■ PROBLEM
Retype, word for word, every line of the records below starting at the one that contains "Pair of occasional" and ending at the one that contains "François Baudot, Karl"; include both of those lines and nothing more.

■ MATERIALS PROVIDED

□ □ □ □ □

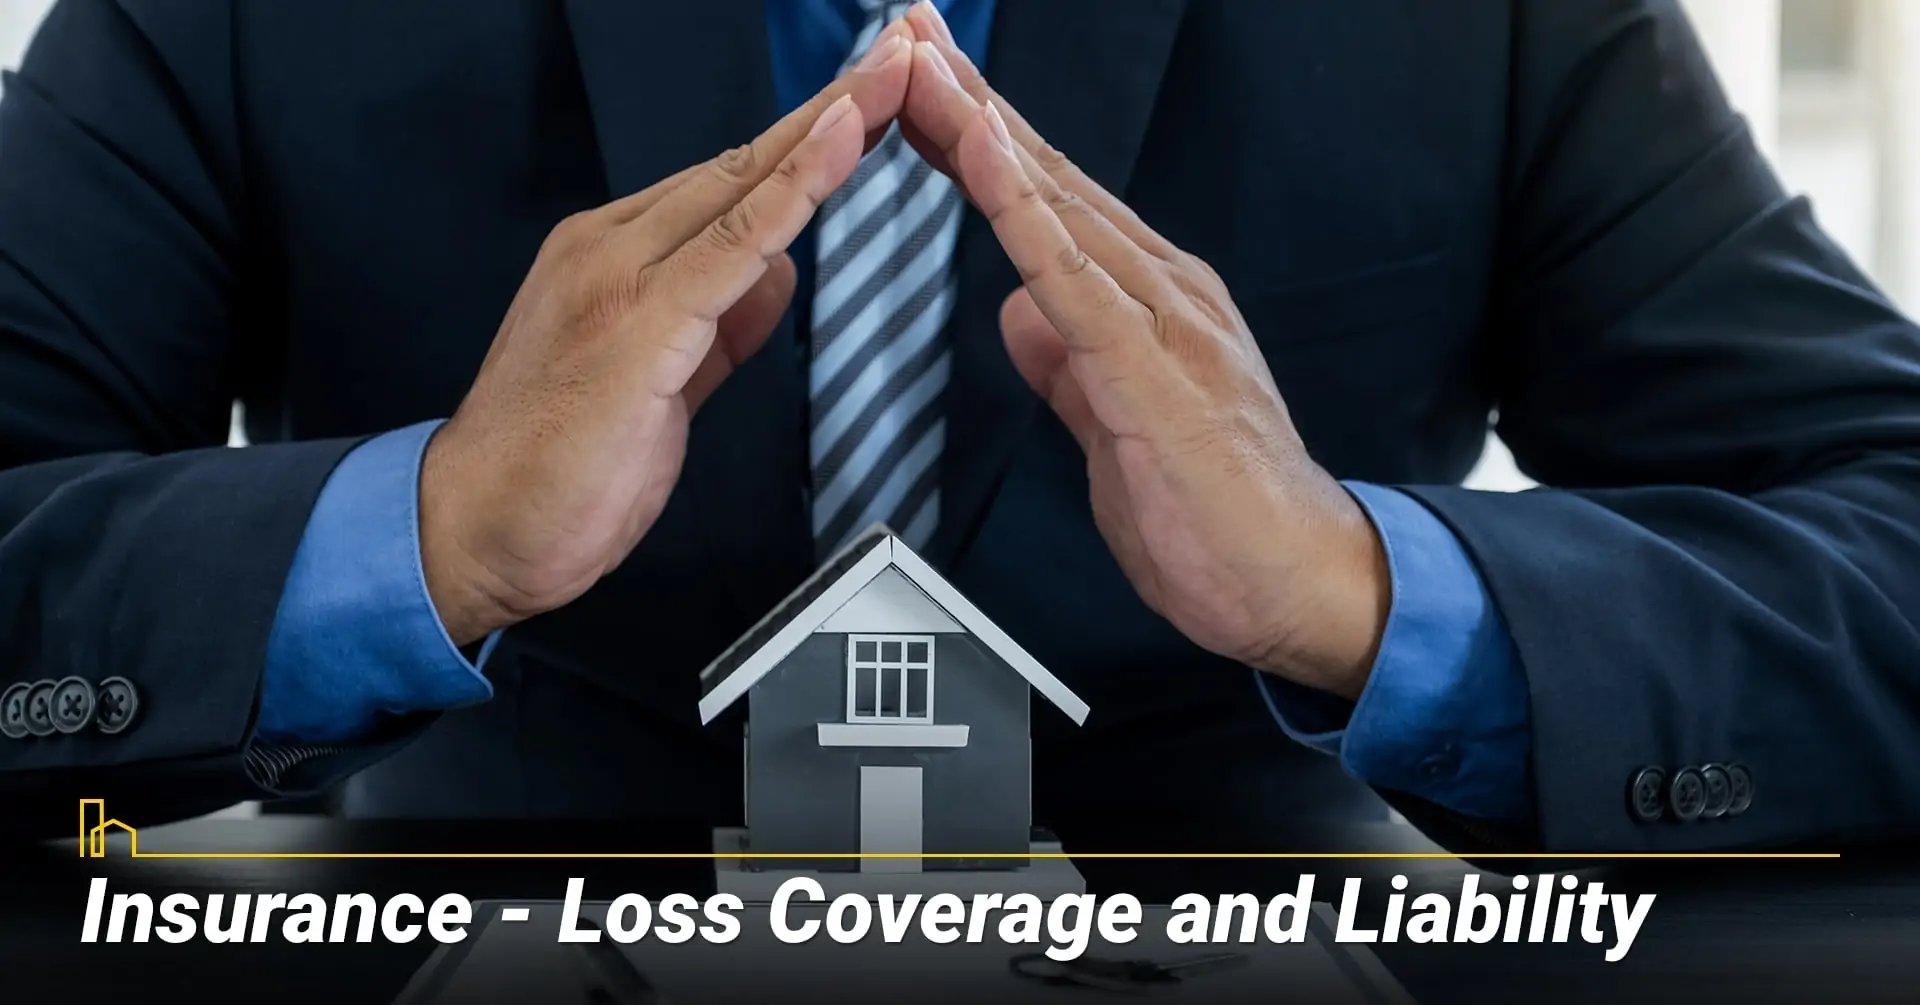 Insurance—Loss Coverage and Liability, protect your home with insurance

□ □ □ □ □

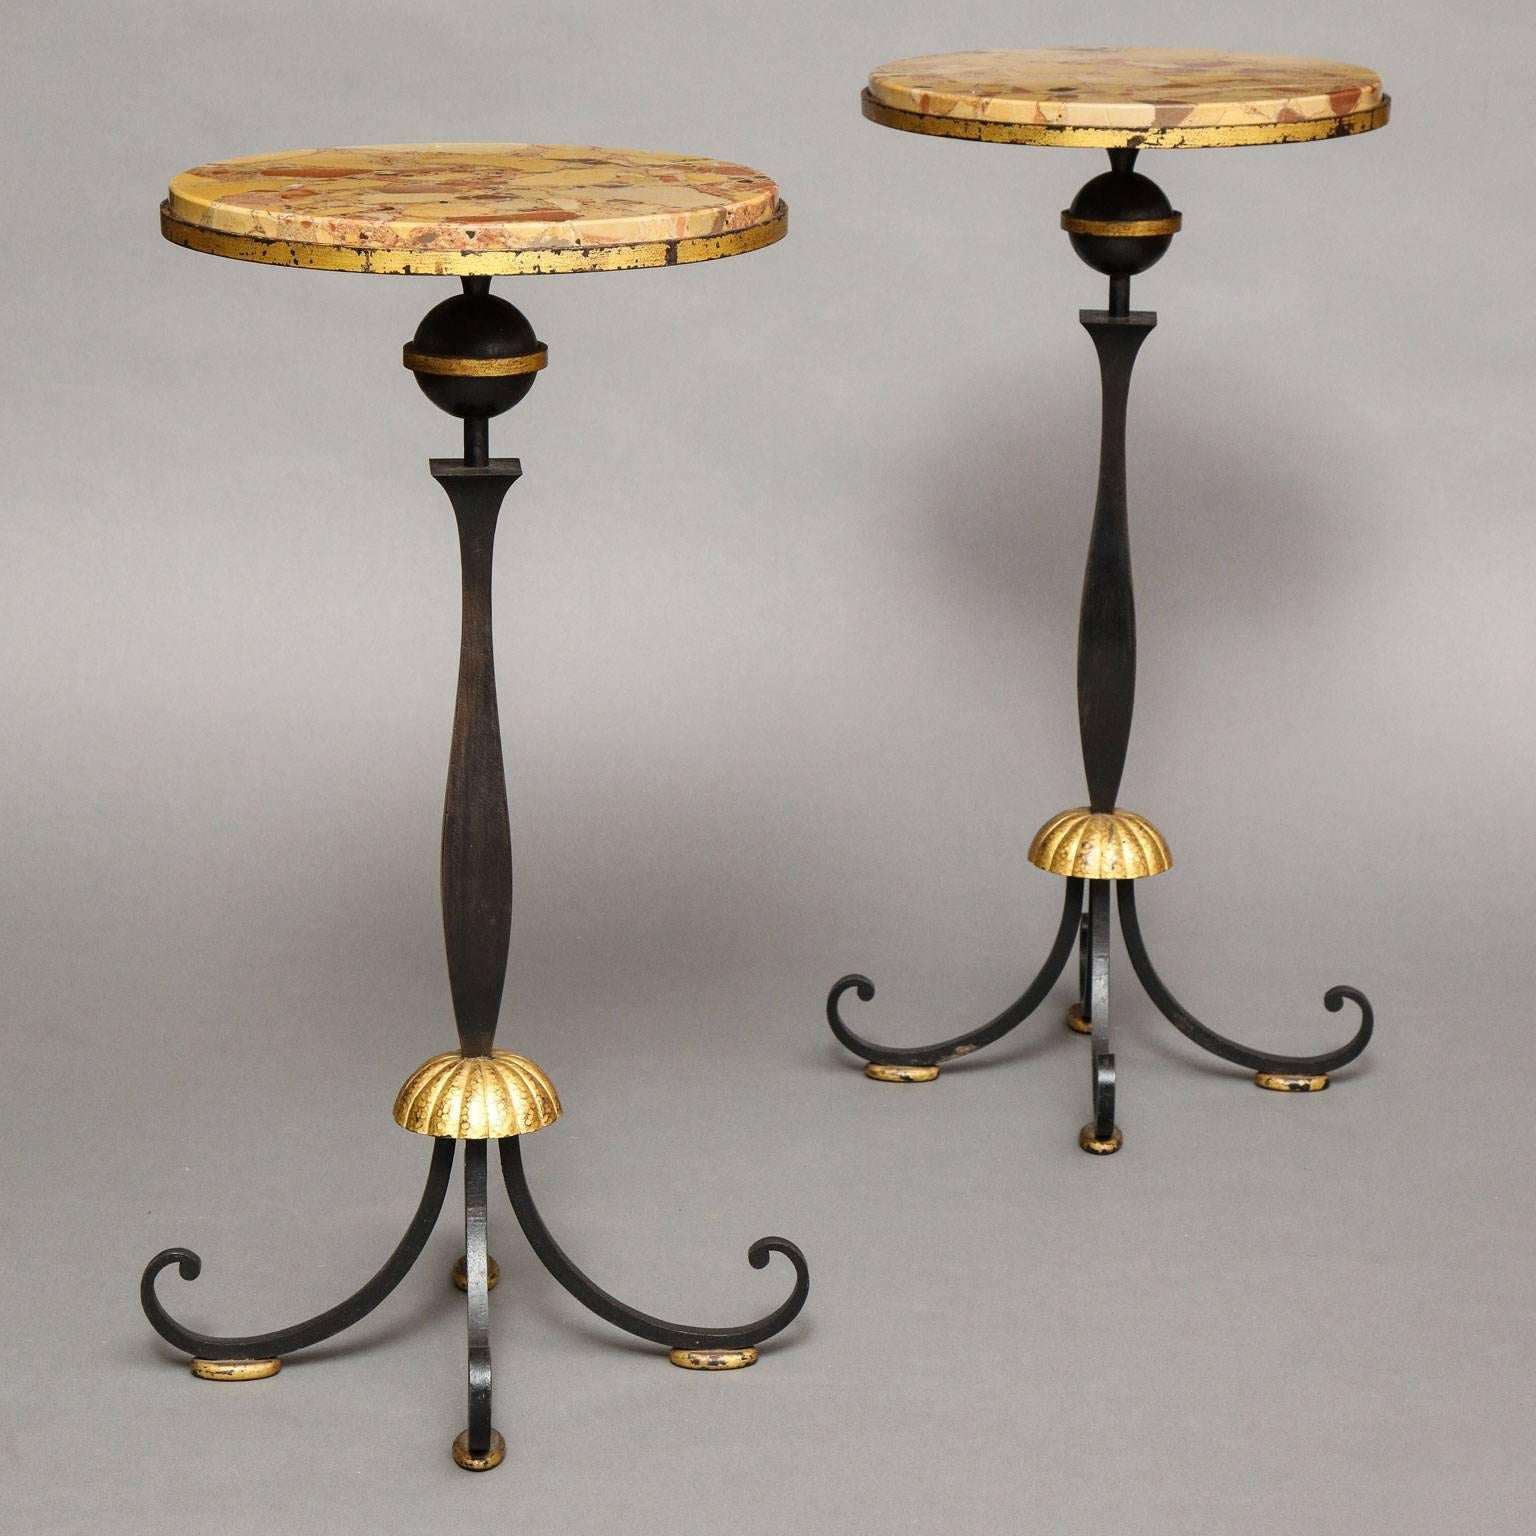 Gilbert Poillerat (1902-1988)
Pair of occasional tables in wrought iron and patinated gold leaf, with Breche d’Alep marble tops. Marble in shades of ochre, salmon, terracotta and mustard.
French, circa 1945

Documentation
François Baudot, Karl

□ □ □ □ □

■ SOLUTION FOR THIS TASK
Pair of occasional tables in wrought iron and patinated gold leaf, with Breche d’Alep marble tops. Marble in shades of ochre, salmon, terracotta and mustard.
French, circa 1945

Documentation
François Baudot, Karl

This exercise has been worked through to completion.